Aim of the task :: Below, find the line containing "Question: Identify the"; from there to the final line, print every line exactly and skip the pictures.
#### Data shown ####
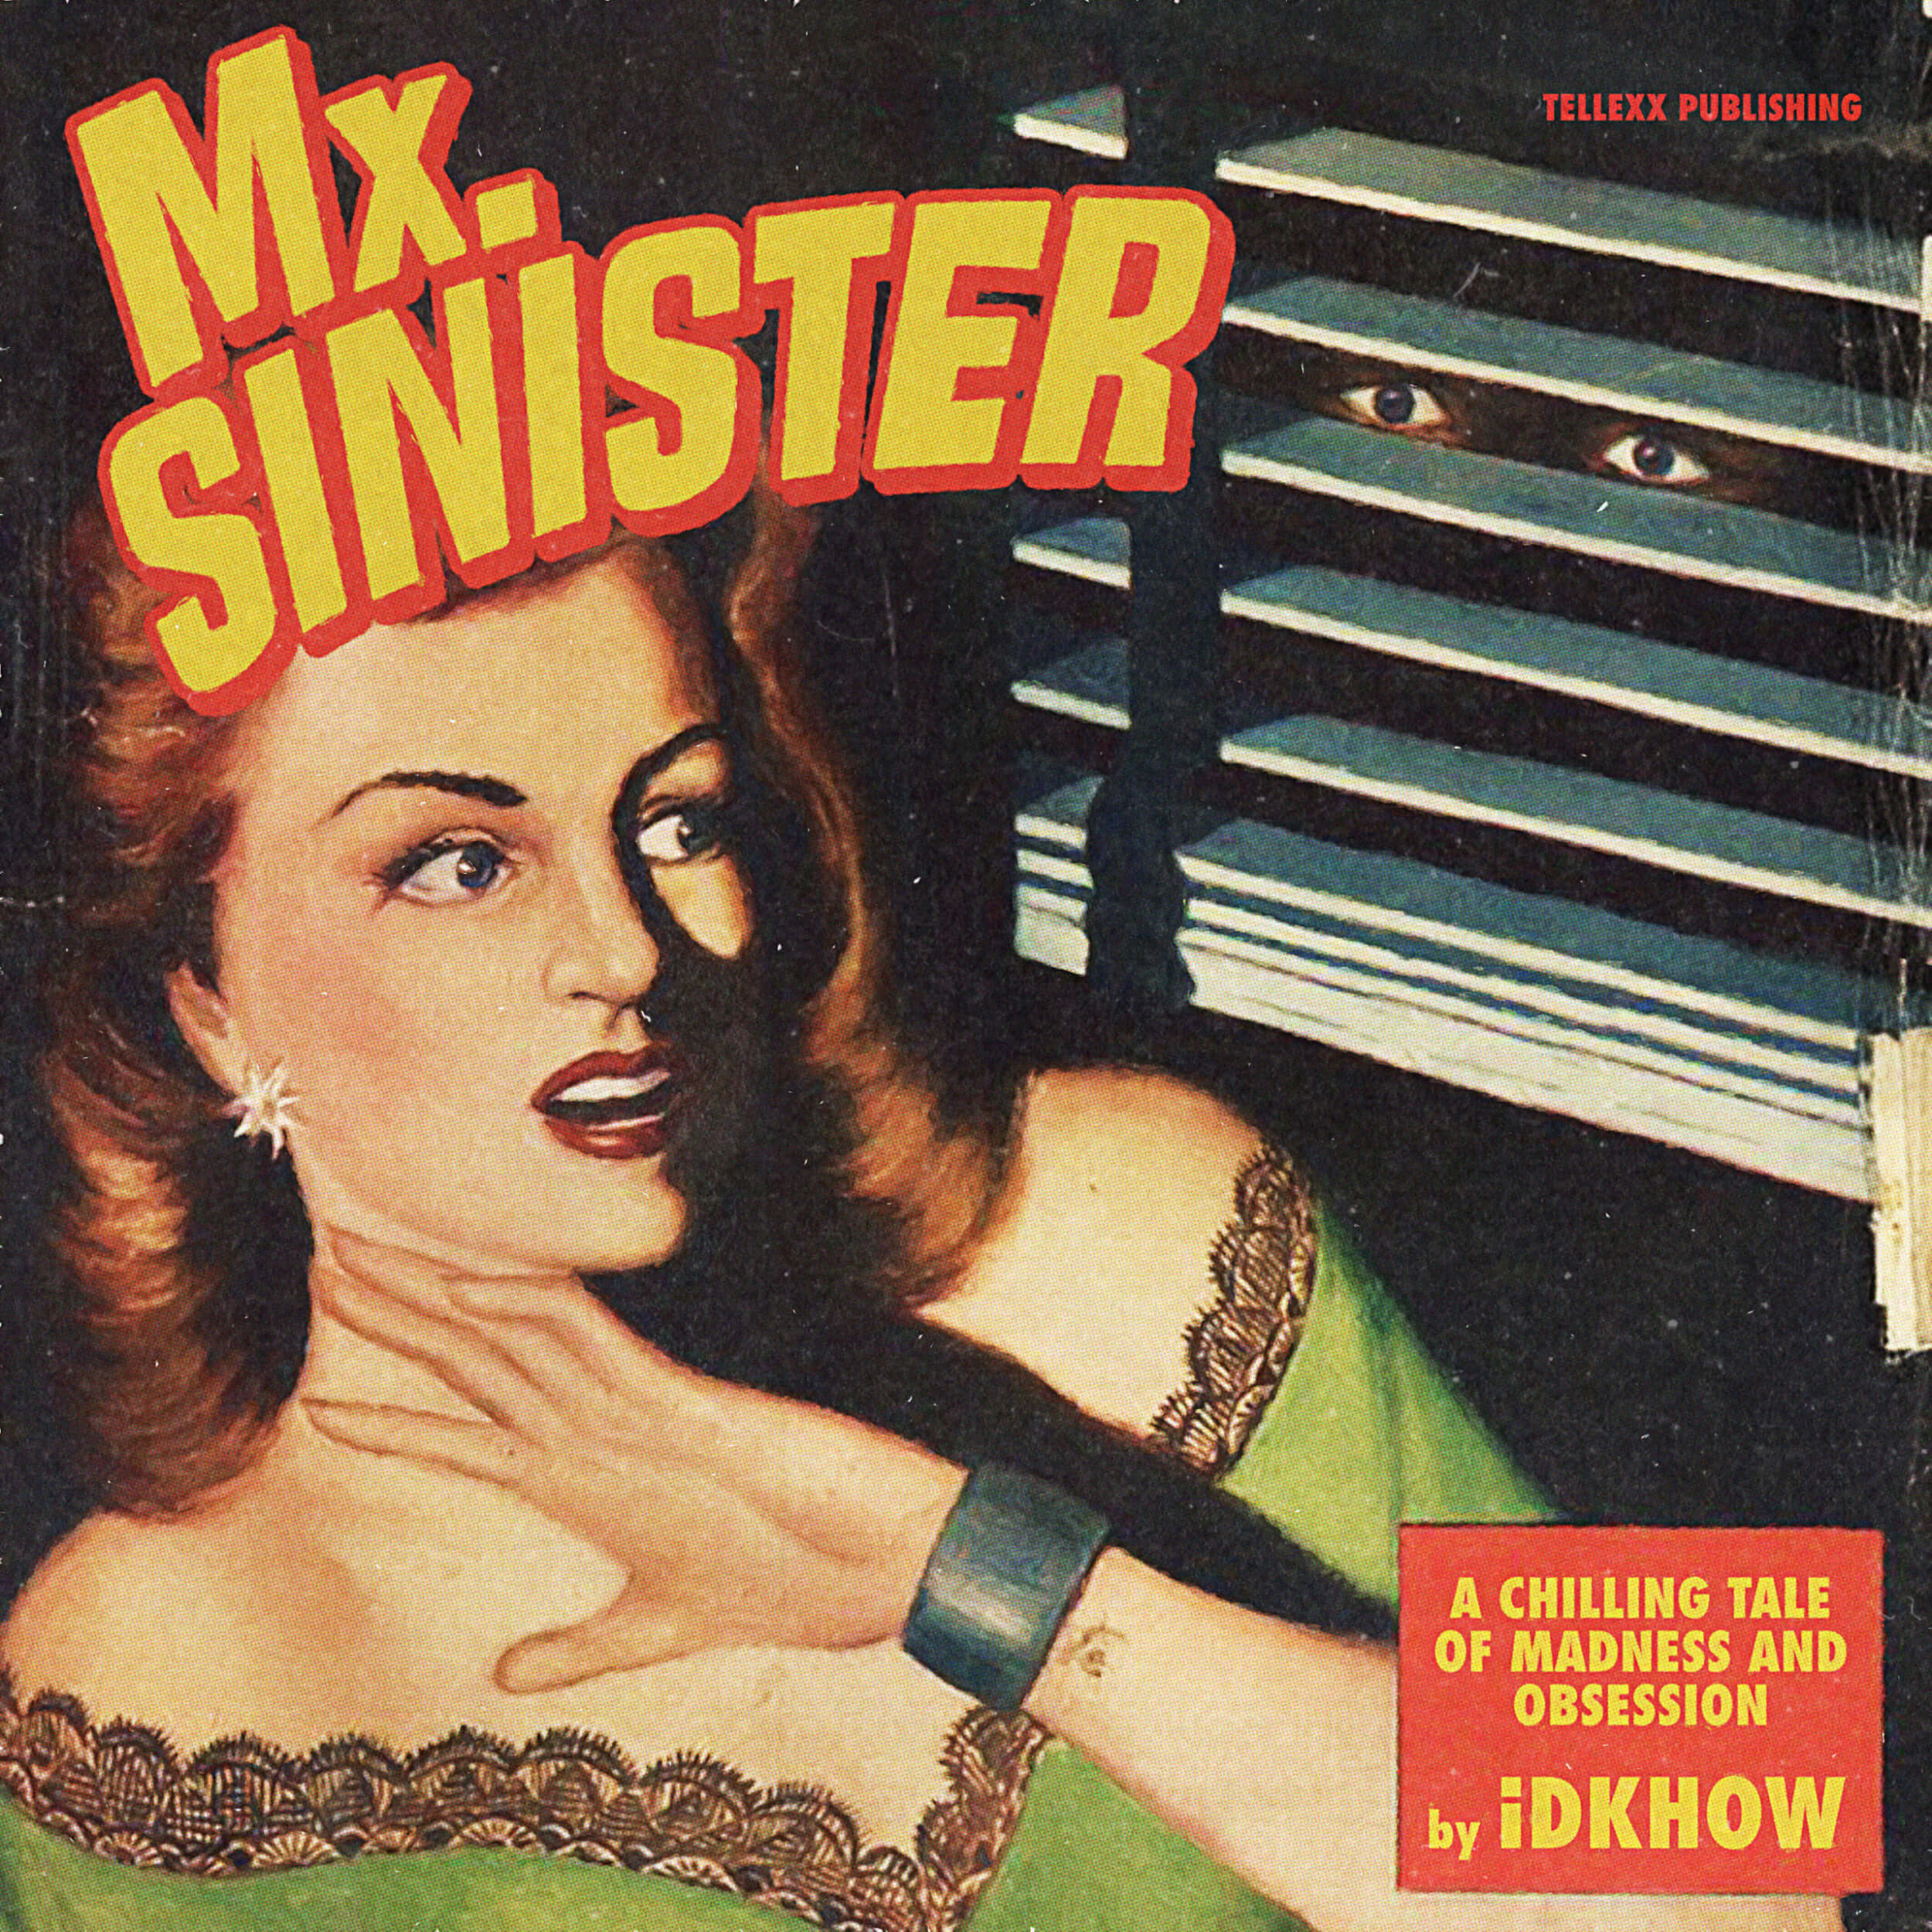 Featured image for “Mx. Sinister”
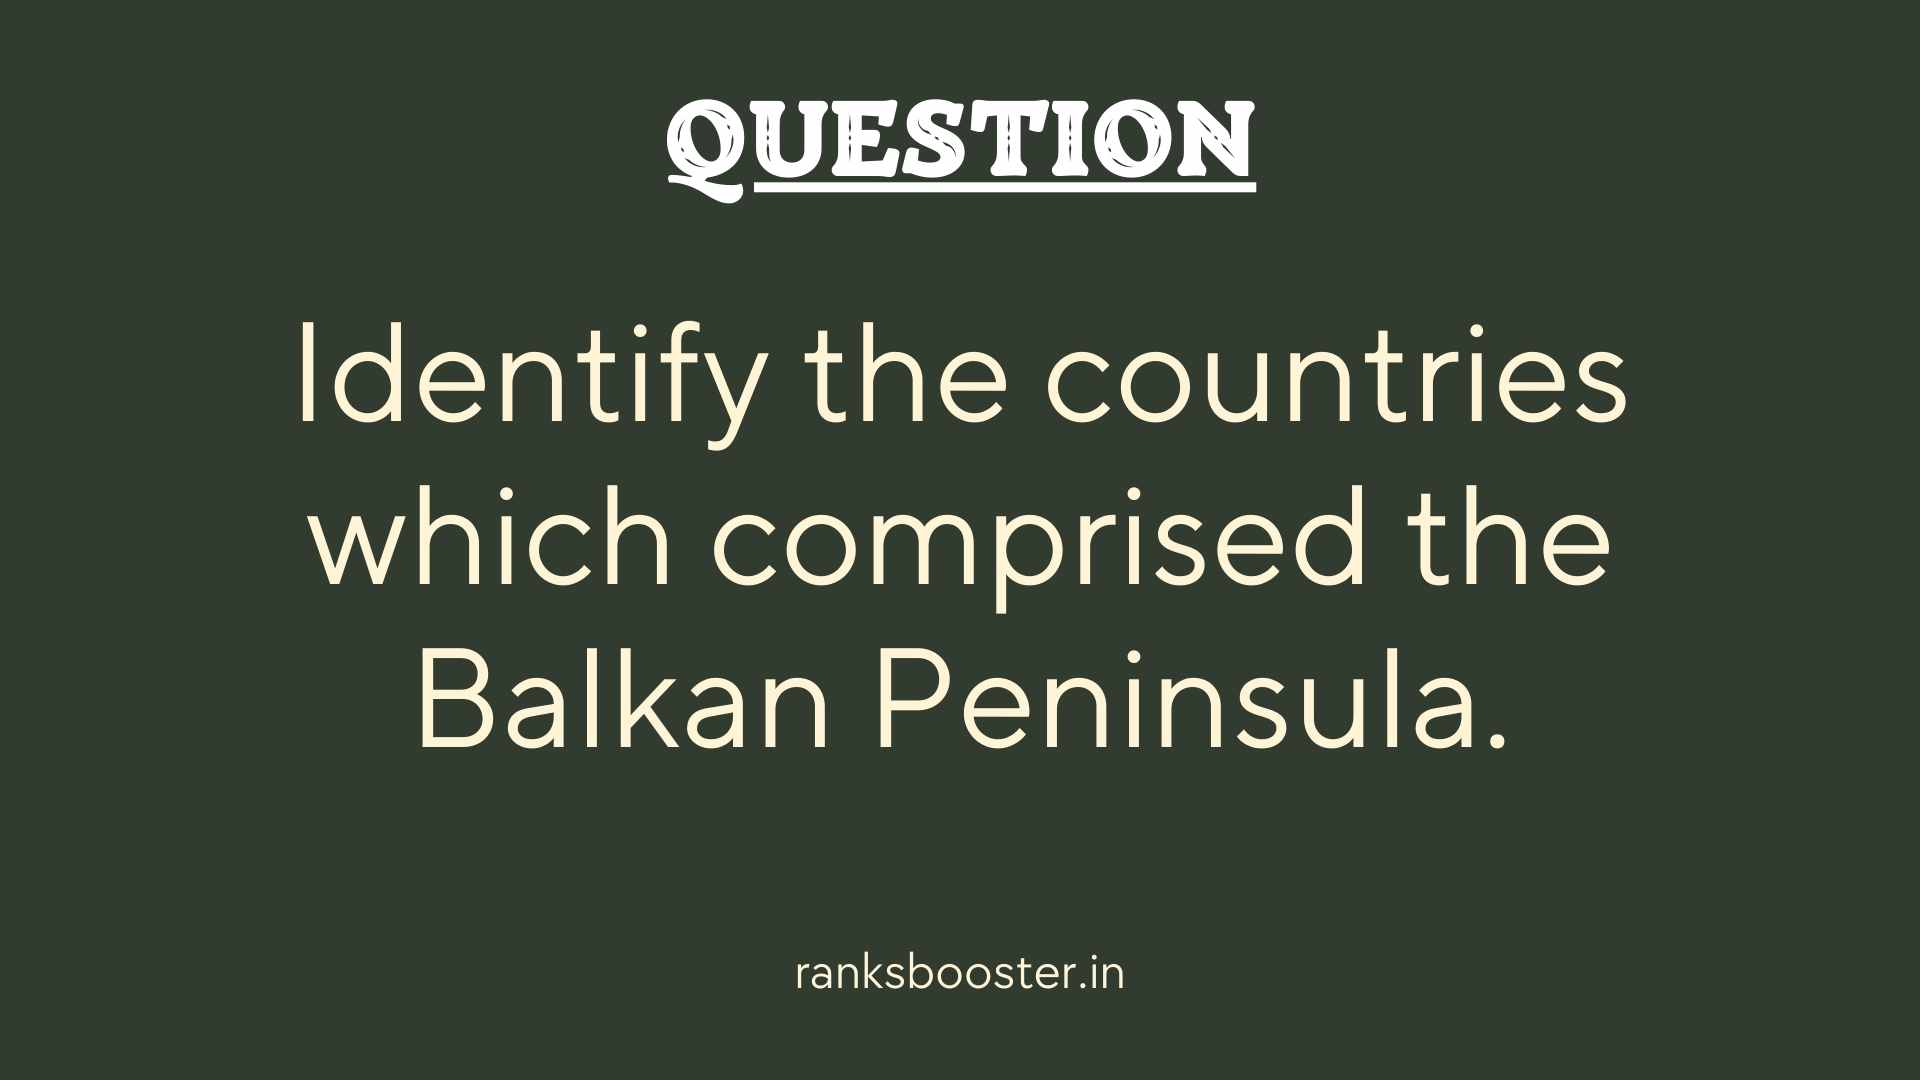 Question: Identify the countries which comprised the Balkan Peninsula.
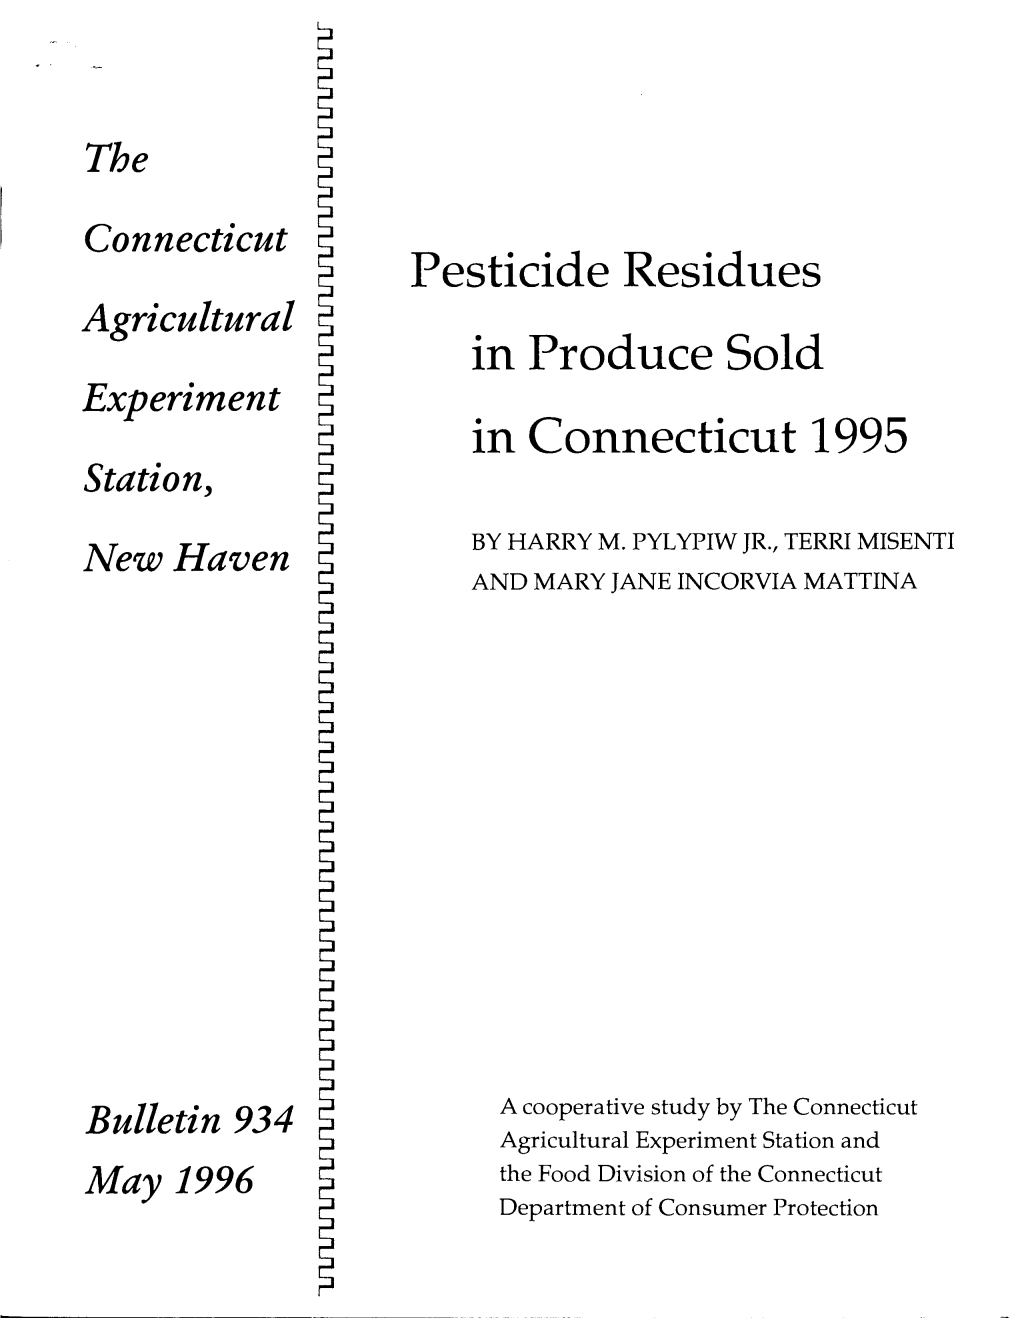 Pesticide Residues in Produce Sold in Connecticut 1995 ~ by HARRY M
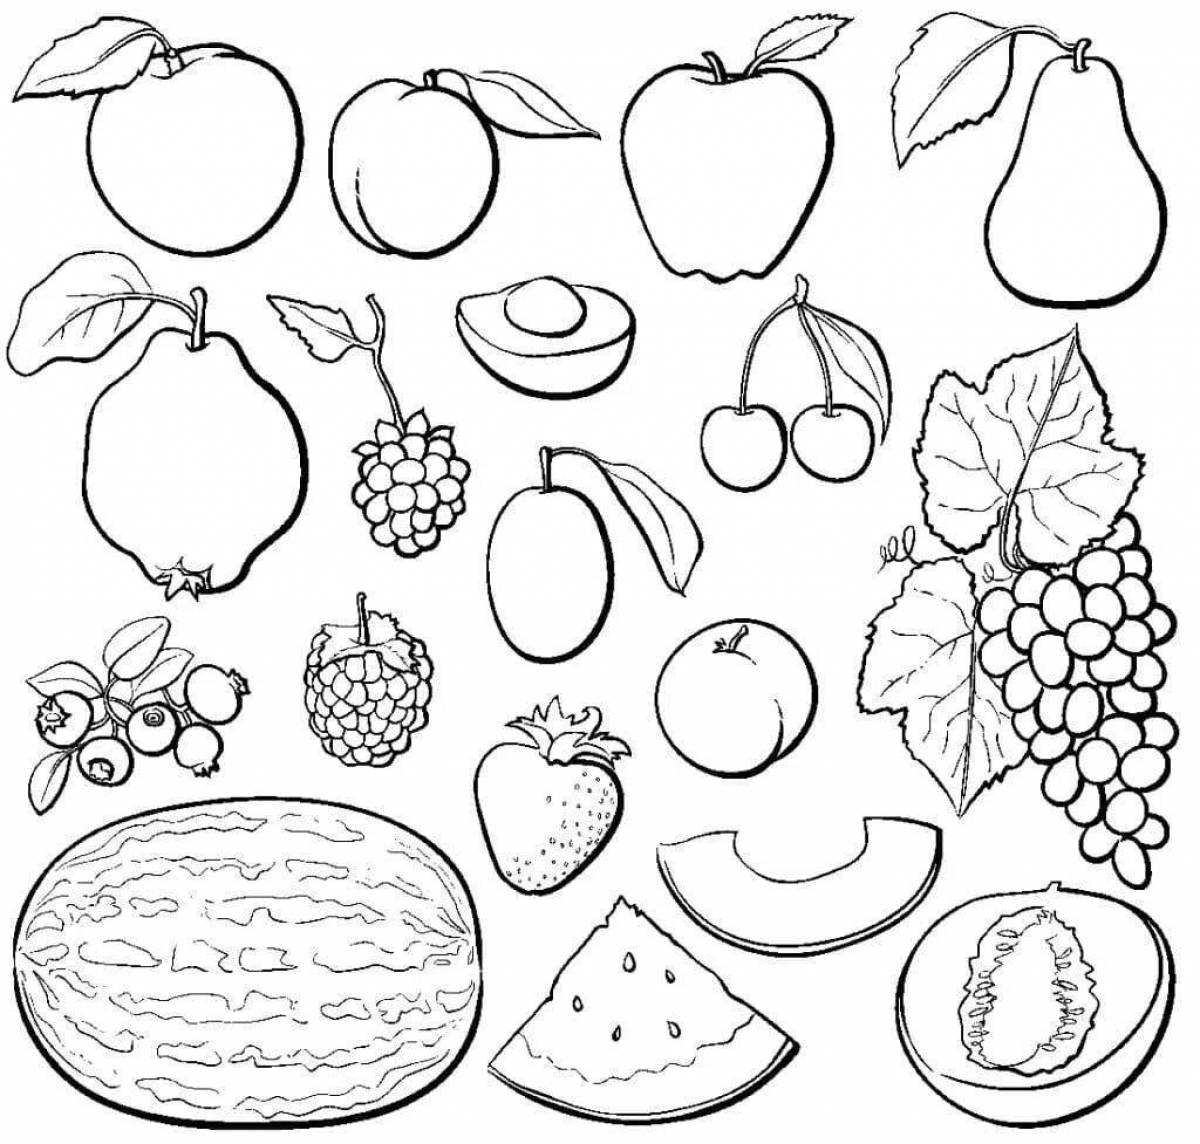 Adorable fruit and vegetable coloring book
####
Exercise response ::
 Question: Identify the countries which comprised the Balkan Peninsula.
 Pesticide Residues in Produce Sold in Connecticut 1995 ~ by HARRY M
 Adorable fruit and vegetable coloring book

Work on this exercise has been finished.